Re: Ideas for debugging poor SolrCloud scalability

Shawn Heisey-2
On 11/1/2014 9:52 AM, Ian Rose wrote:
> Just to make sure I am thinking about this right: batching will certainly
> make a big difference in performance, but it should be more or less a
> constant factor no matter how many Solr nodes you are using, right?  Right
> now in my load tests, I'm not actually that concerned about the absolute
> performance numbers; instead I'm just trying to figure out why relative
> performance (no matter how bad it is since I am not batching) does not go
> up with more Solr nodes.  Once I get that part figured out and we are
> seeing more writes per sec when we add nodes, then I'll turn on batching in
> the client to see what kind of additional performance gain that gets us.
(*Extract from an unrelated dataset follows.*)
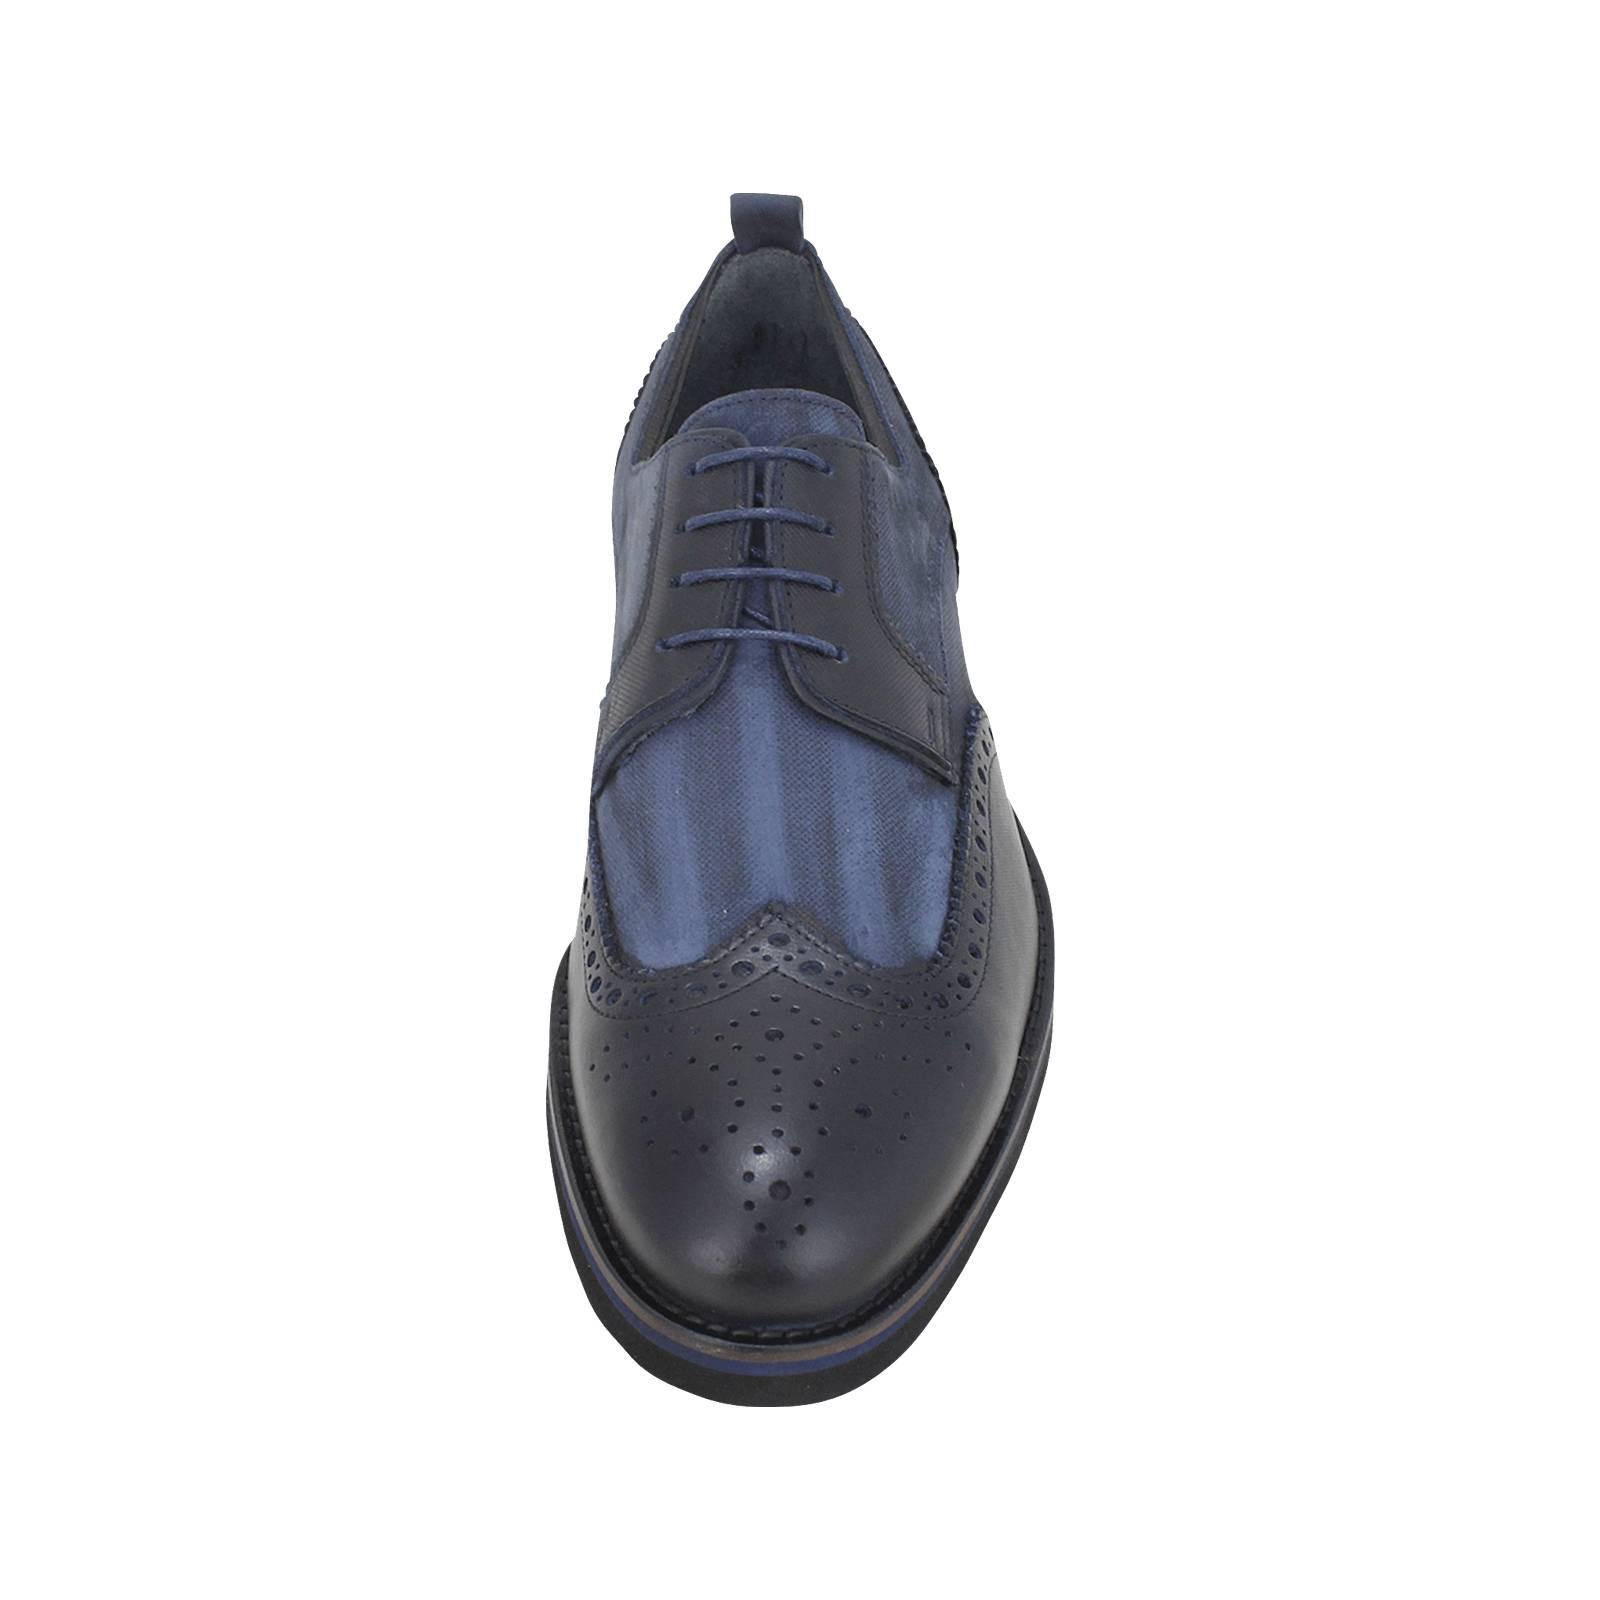 Sierling - Ανδρικά δετά παπούτσια GK Uomo από δερμα και λαστιχο ... 166f53e635e

The basic problem I see with your methodology is that you are sending an
update request and waiting for it to complete before sending another.
No matter how big the batches are, this is an inefficient use of resources.

If you send many such requests at the same time, then they will be
handled in parallel.  Lucene (and by extension, Solr) has the thread
synchronization required to keep multiple simultaneous update requests
from stomping on each other and corrupting the index.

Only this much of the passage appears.